You must prepare the result variable with proper precision and rounding mode, and think about it for each arithmetic operation.

With a fixed-size floating point API, and decimal128 data type, all you do would be:

c = context.Add(a, b)

where context contains the rounding mode, and stores computation error of it occurs.
Also, numbers are just values, not pointers.
It would be as simple as working with float64.

The API of big.Float introduces a complexity that is not needed for most financial computation.
We just want that Add, Subtract and Mult don't round the result for numbers in usual range, but store them with the max precision allowed by the fixed-size data type. e.g. 34 significant digits for decimal128.
And if we want to round or truncate the result, we can just call the proper function.

Usual range for monetary values

Assets under management for a large multinational insurance company is:

$265,507,000,000

This figure is the sum of amounts that can have 8 digits after decimal point, because this precision is needed when working with foreign currency conversion.

This means that for a large company, a decimal data type must cope with figures like:

100,000,000,000.00000000, that is, 20 significant digits.

A decimal128 fixed-size data type provides 34 significant digits, which can easily store these figures.
We can even store USA national debt of $18,000,000,000,000 in it with full precision.

When doing financial computation, intermediate calculation can require some more digits, but 34 significant digits is really enough for most real cases financial computation.

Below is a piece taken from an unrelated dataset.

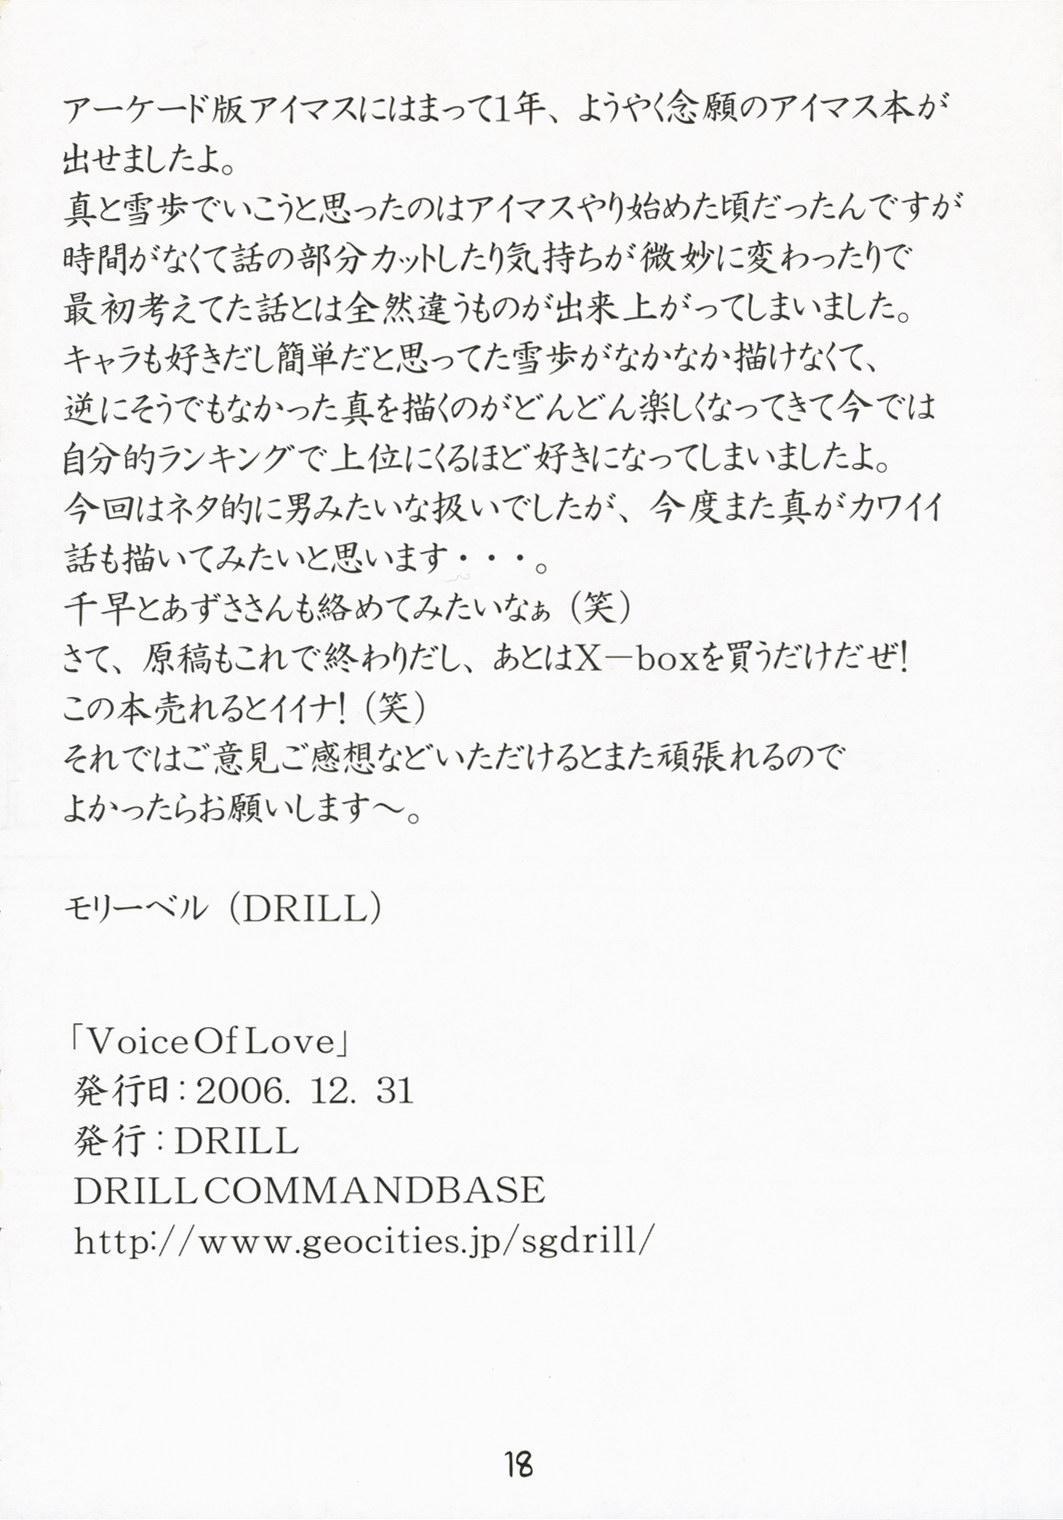 Voice of Love 16

That's why I think that big.Decimal for most financial applications is overkill, and a fixed-size decimal128 base-10 floating type is more than "good enough".

PRO and CONS

big.Decimal arbitrary-precision

CON: if like big.Float, the API is more complex than needed
CON: variables are pointers
CON: precision and rounding mode of the result must be think about for each operation
CON: is there a lot of financial applications that requires a precision of more than 34 significant digits ?
PRO: no limit to the precision

decnumber.Decimal128 fixed-size

PRO: API is simple
PRO: variable are values
PRO: no need to think about precision, as the result is always the max precision of decimal128
PRO: decimal128 can store 34 significant digits, which can accomodate the range of values used in most financial applications
PRO: no need to allocate memory to store the result, all numbers fits in 128 bits. (use of sync.Pool and small internal buffer can alleviate this problem, though)

Decimal floating point package used by other languages:

Let a and b be operands, and z is the result.
context contains the rounding mode, and computation error if any.
If an operation fails, context will keep the error and subsequent operations are no-op. There is no need to check for error after each operation, only after the last one.

C: gcc contains "decNumber" implementation of Mike Cowlishaw, fixed-size floating point (it is an extension of GNU C)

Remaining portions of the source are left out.